Si Olivier Mas était spécialiste du Moyen-Orient, il situe son dernier roman principalement en Afrique. « Mon personnage, Solange, se retrouve dans cette situation étrange. Elle est là sans rien avoir demandé. Elle connaît bien le Moyen-Orient, ce qui était mon cas. Elle sent donc une sorte de décalage », décrit l'auteur, qui a lui-même vécu cette expérience.

Il évoque également le déclin de l'influence française sur le continent : « C'est l'échec de toute une politique française. Mais aussi un retour de bâton. Nous payons le prix de notre passé colonial. » Tout en reconnaissant l'arrivée des Chinois et des Russes, il prédit : « Dans quelques années, les élites se rendront compte que les Russes et les Chinois ne sont pas fiables. »

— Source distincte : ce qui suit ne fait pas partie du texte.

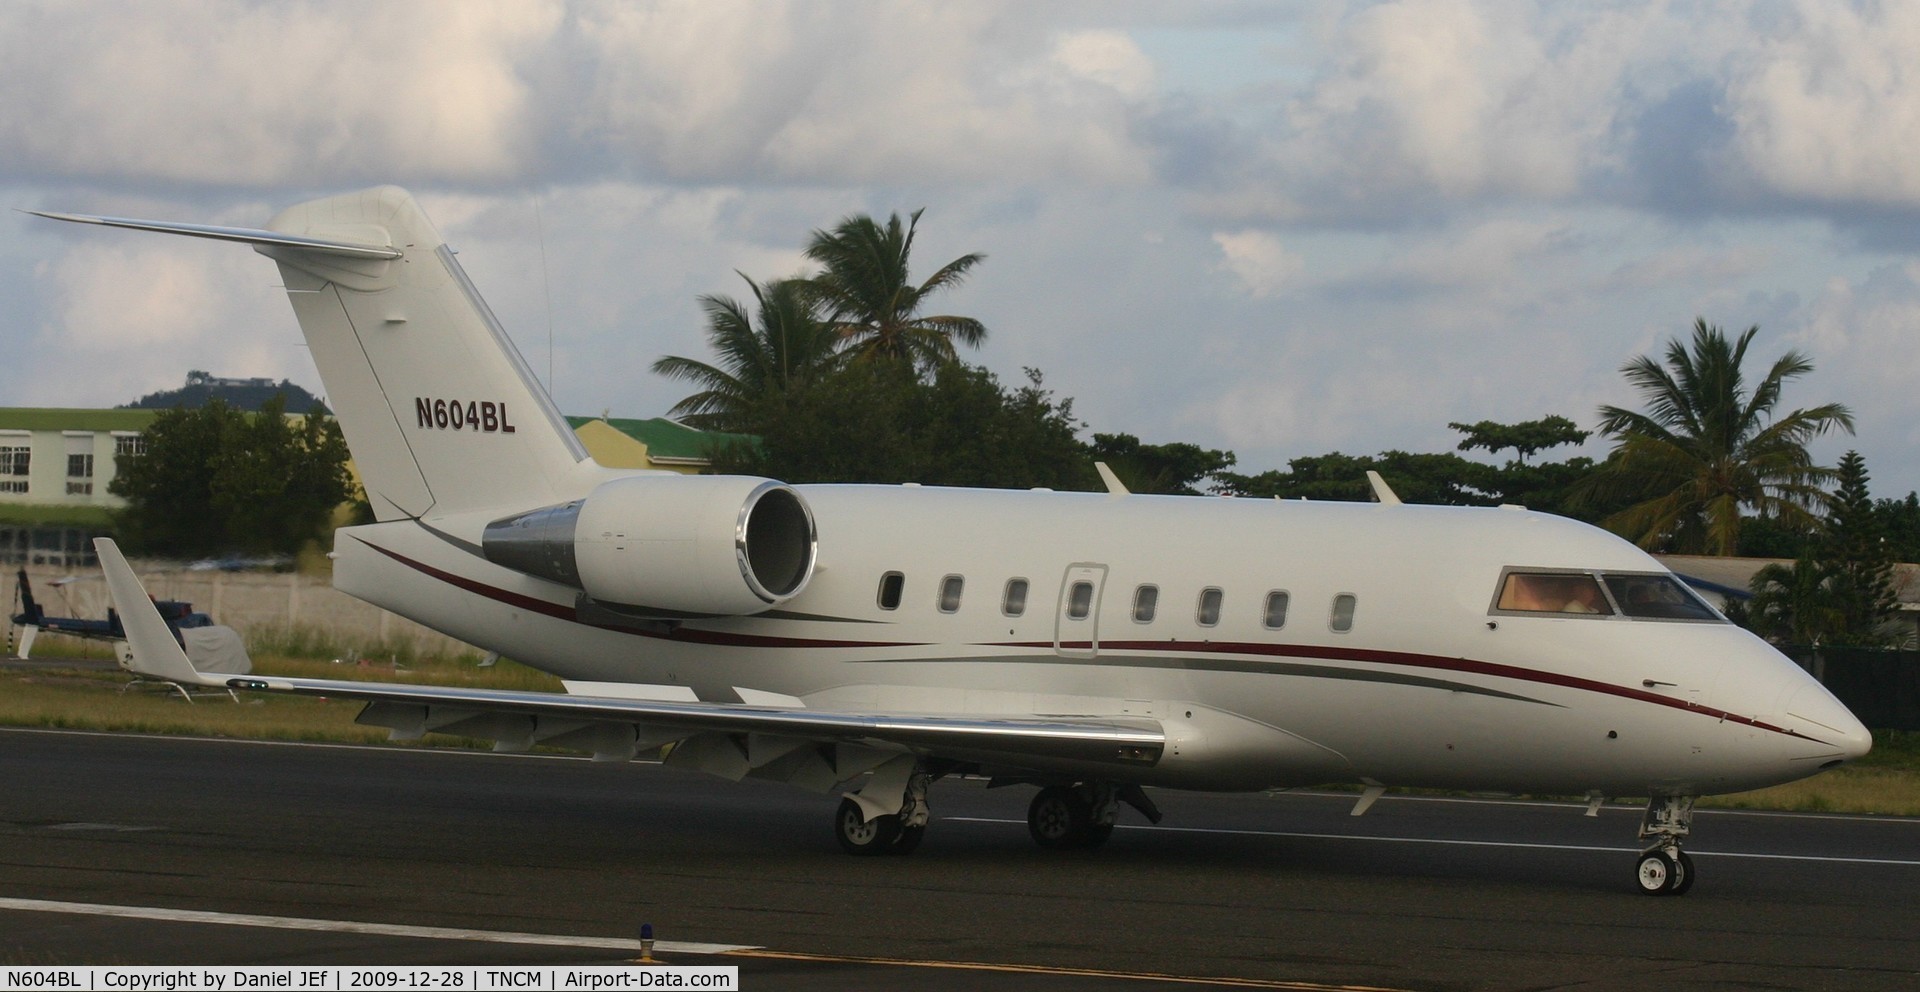 N604BL, 1995 Canadair Challenger 604 (CL-600-2B16) C/N 5301, N604BL just landed on runway 10 from Anguilla
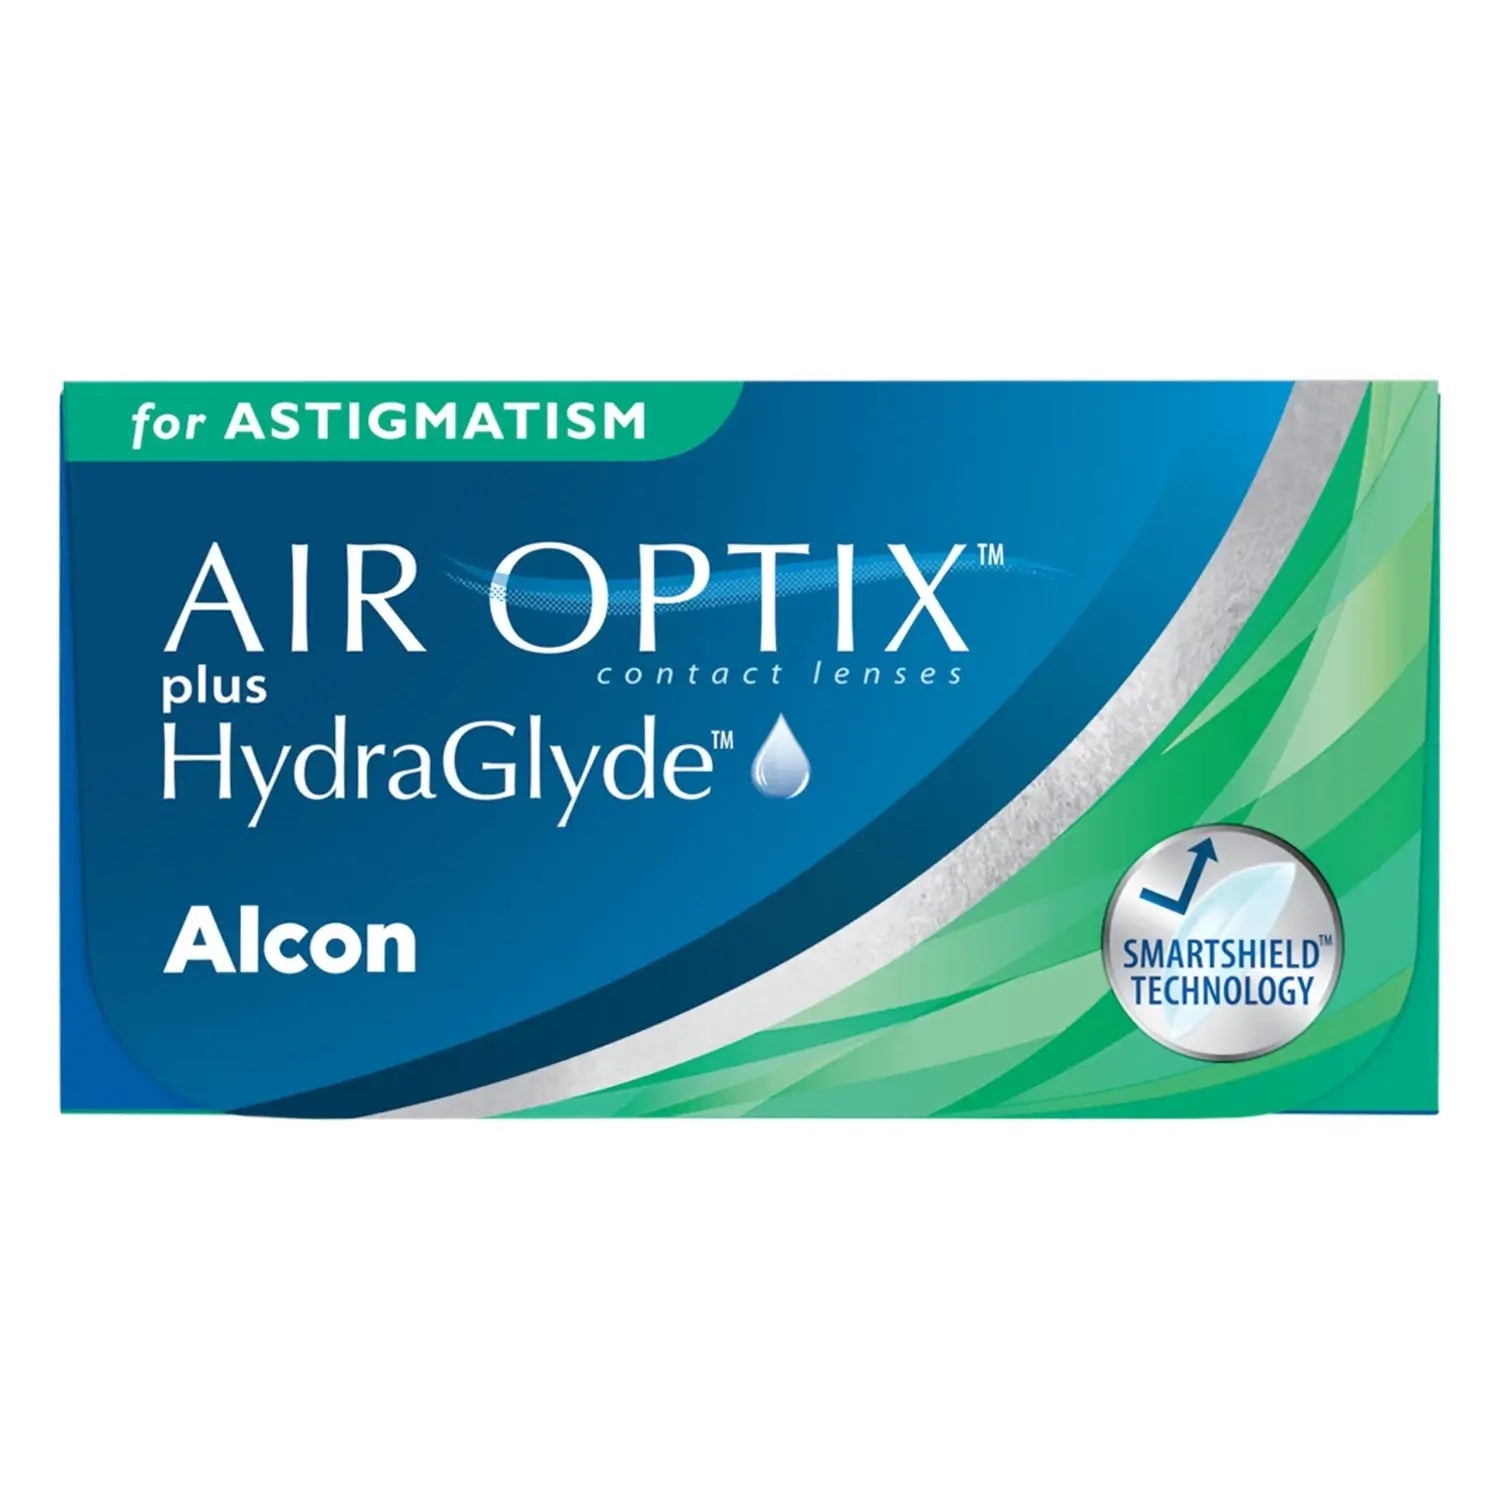 Certified Air Optix Astigmatism Toric Contact Lenses by Alcon on sale online at The Optical Co at the best prices

Renseignement humain face à la révolution technologique

Interrogé sur l'impact de l'intelligence artificielle et des nouvelles technologies, l'ancien officier du renseignement humain reste convaincu de la nécessité des sources humaines. « Les services sont traversés depuis quelques décennies par des révolutions majeures », reconnaît-il. « Le défi, c'est de ne jamais rater une de ces révolutions. Mais pour moi, derrière la machine, il faut toujours de l'analyse originale, de l'intuition et des sources humaines... Et ça, la machine ne saura jamais faire. »

L'engouement pour le roman d'espionnage

Olivier Mas analyse l'intérêt croissant du public pour le genre : « Les Français ont compris, depuis quinze ans, depuis les attentats, qu'il était légitime d'avoir des services de renseignement. Le monde est devenu fou et nous avons tous besoin d'avoir la certitude que les responsables politiques sont bien informés. Et pour pénétrer l'univers des services, il n'y a pas beaucoup d'autres canaux que la littérature ou les séries... »

Son parcours d'écrivain a commencé modestement : « J'avais peur de ne pas savoir écrire. Après deux documents et mes blogs, un éditeur m'a sollicité. J'ai essayé d'écrire de la fiction et j'y ai pris un plaisir fou. » Loin de vouloir imiter Gérard de Villiers, il a trouvé sa propre voix, nourrie par des années d'expérience sur le terrain.

Ombres chinoises d'Olivier Mas (éditions Flammarion, 416 pages, 21,50 euros) offre ainsi une plongée authentique dans les coulisses du renseignement français, où la fiction sert de révélateur aux réalités souvent méconnues des services secrets.